19:48:21 <mikeperry> s/we website/a website
19:48:32 <arthuredelstein> The request needs to be strictly from the TBB updater.
19:48:40 <GeKo> yes
19:49:22 <MarkSmith> I think the update service uses XMLHttpRequest for everything although I would need to double check that.
19:51:24 <MarkSmith> I wonder if the domain isolation code can somehow distinguish internal requests from those generated by web pages?
19:51:59 <mikeperry> if the updates really are from "no first party" this is perhaps not that complicated
19:52:33 <mikeperry> and the password nonce solution may work
19:53:12 <arthuredelstein> A new nonce for every "no first party" request seems like pretty good idea.
19:53:50 <mikeperry> yes, I think so
19:54:17 <arthuredelstein> Provided, as you point out, that there is no trick a web page can use to generate many such requests.
19:57:55 <mikeperry> ok, anything else to discuss?
19:58:33 <msvb-lab> If you've built TBB for alpha3 and have build stats, please document on the wiki.
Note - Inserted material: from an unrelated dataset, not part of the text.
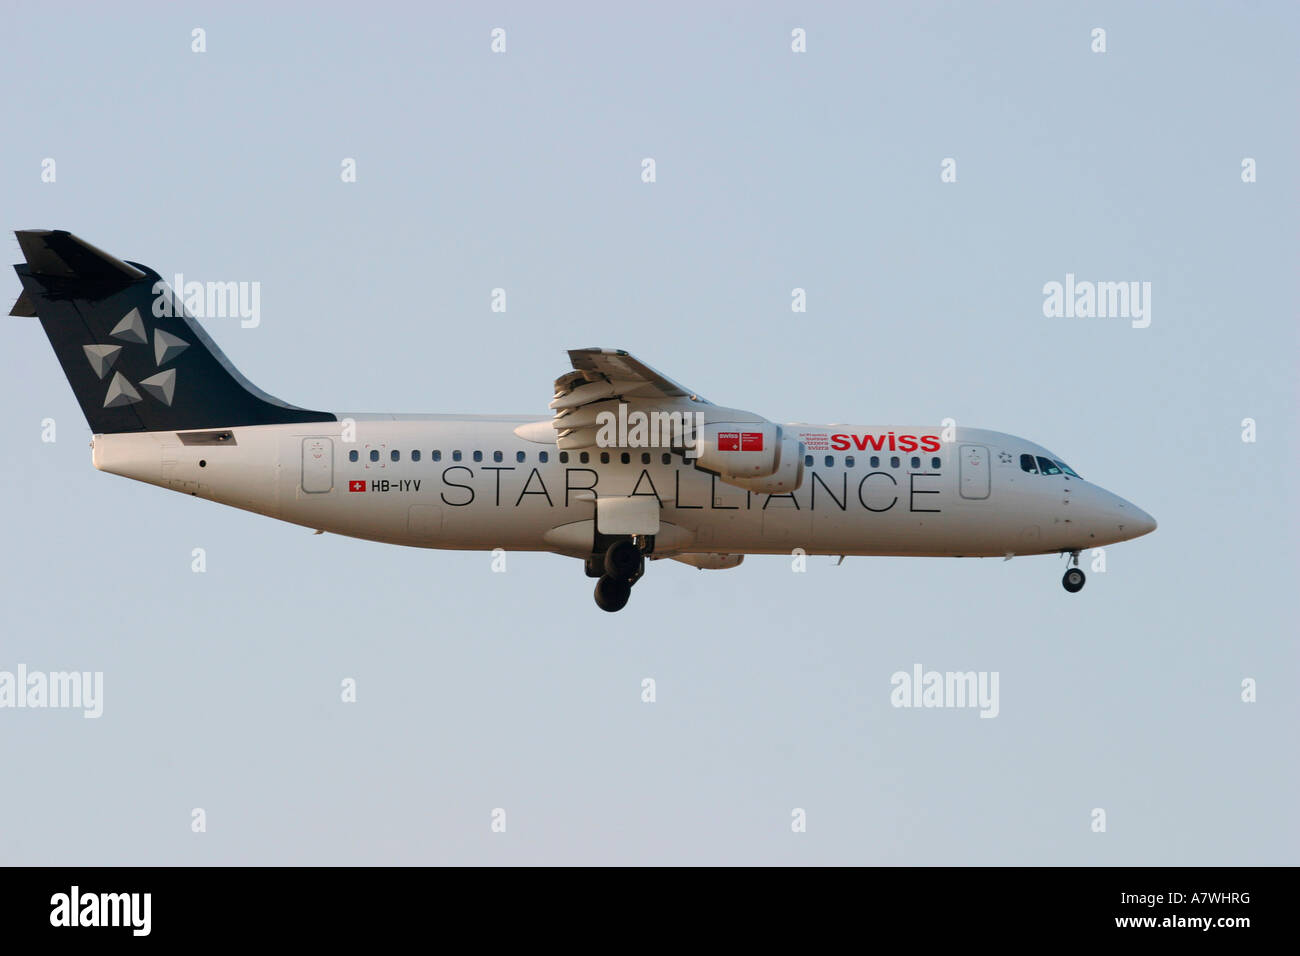 Airplane British Aerospace BAe 146-300 of the Swiss Star Alliance landing - Stock Image
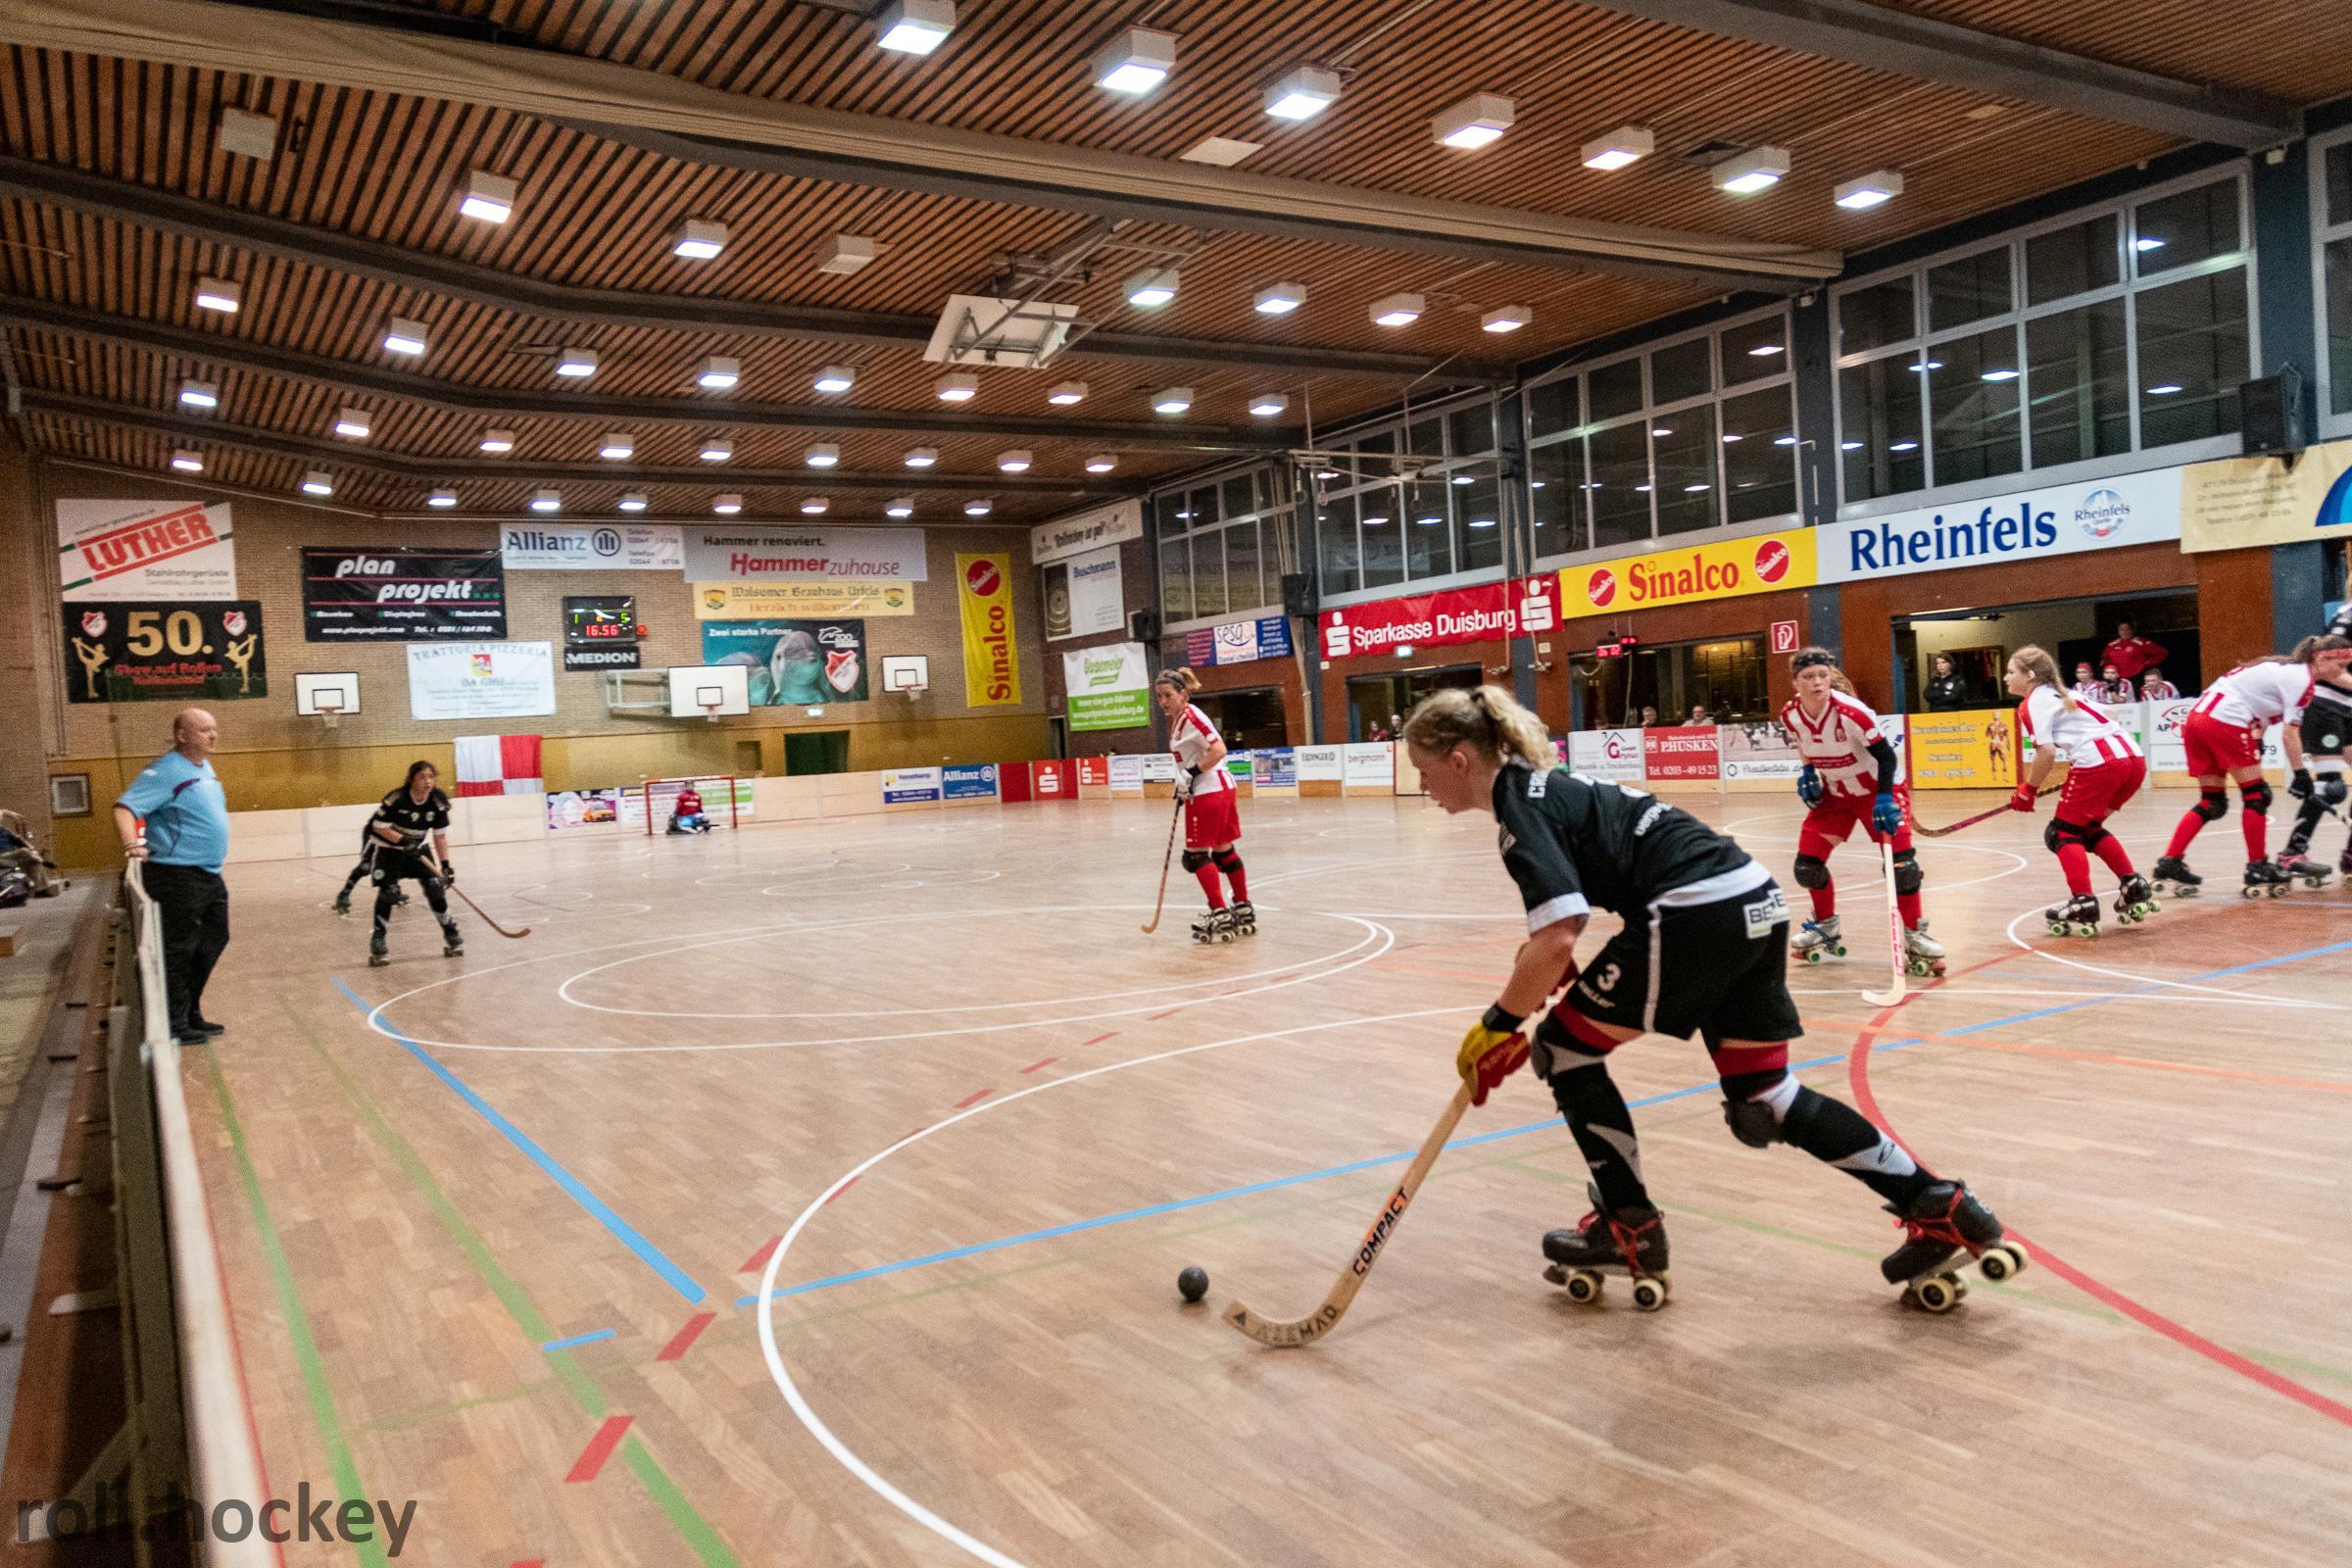 RSC Cronenberg Rollhockey Bundesliga Damen Spieltag 23.03.2019

19:58:44 <hotstuff> I need a large pepperoni pizza extra cheese.
19:58:57 <xk11coleco> hotstuff, I got you covered.
19:59:11 <mikeperry> yay, we made it in under an hour this time. good work everybody, and please remember to (keep) pre-typing your reports, and trying to save extended discussion for the end of the meeting
19:59:33 <MarkSmith> 1 hour is awesome!